Italian literary critic

Luigi Silori (19 November 1921 - 9 July 1983) was an Italian literary critic, novelist, playwright, and a popular radio and television personality in the 1950s and 1960s.

Descended from an old Umbrian family, at the beginning of his university studies Silori was called to military service and spent four years in the Italian army during World War II. Silori served in the ill-fated Acqui Division, and was a survivor of the Cephalonia Massacre. After 1945, he graduated in Literature and started to write novels and theatrical texts. In 1954 he began appearing on both television and radio, and became very popular in Italy as "the man who introduced the books on TV".

==Biography==

===Early life and education===
Luigi Silori was born in Rome in 1921, an only son. His father, Fernando, was a landowner in Stifone, and a descendant of an old family from Narni. His mother, Antonietta Pacchelli, was a school teacher, who graduated in Rome in 1901, when such a thing was very uncommon for a woman in Italy. She was also a piano teacher and writer.

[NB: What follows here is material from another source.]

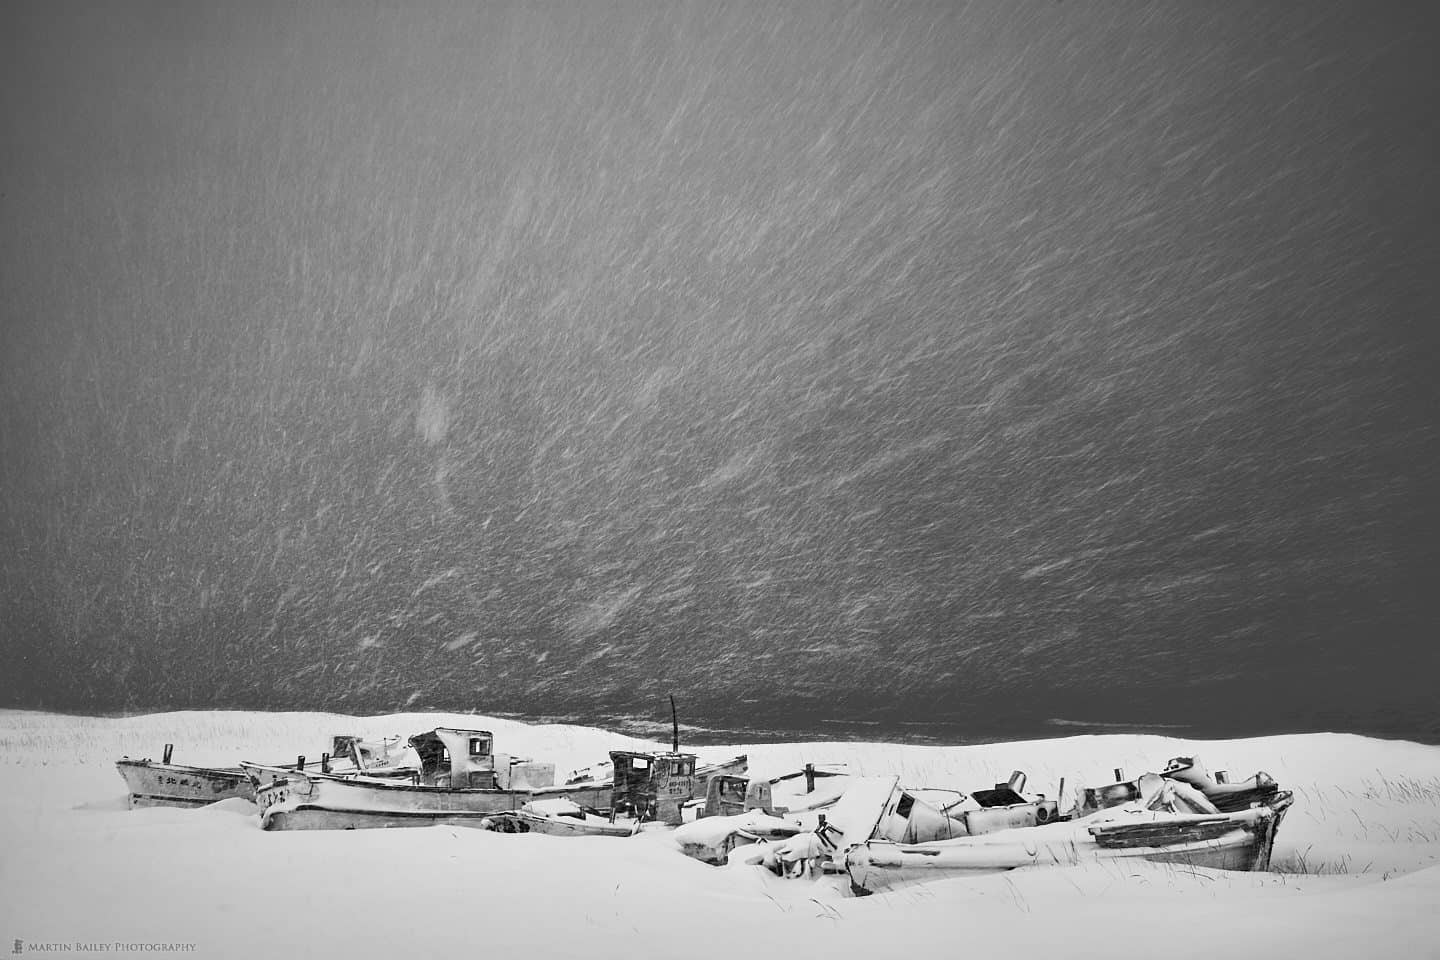 Boat Graveyard in Driving Snow

Silori lived in an old house in Rome's middle-class Quartiere Trieste. After primary school, he attended a distinguished grammar school, the classical gymnasium Torquato Tasso, where he had brilliant classmates, like the actor Vittorio Gassman (who was his friend for decades) and the theater director Luigi Squarzina.

===World War II===
At the beginning of 1941, when he was still 19 years old, Silori was called up to serve as a gunnery lieutenant of the Italian Army in Greece with the 33rd Mountain Infantry Division "Acqui", which occupied the island of Cephalonia during the Greco-Italian War. Following the Italian surrender on 8 September 1943, thousands of soldiers from the division were murdered on the islands during Operation Achse, in what became known as the Cephalonia Massacre, one of the largest prisoner of war massacres during the war and one of the largest-scale German atrocities to be committed by Wehrmacht troops. Silori was one of the few officers who, by the end, had not been gunned down by the Wehrmacht, and he was subsequently deported to Germany and sent to the concentration camp at Meppen-Fullen.

===Last years and death===
Silori died in Rome on 9 July 1983, aged 61. He left behind his wife Daisy, after 38 years of marriage, and his only son Fernando, aged 27.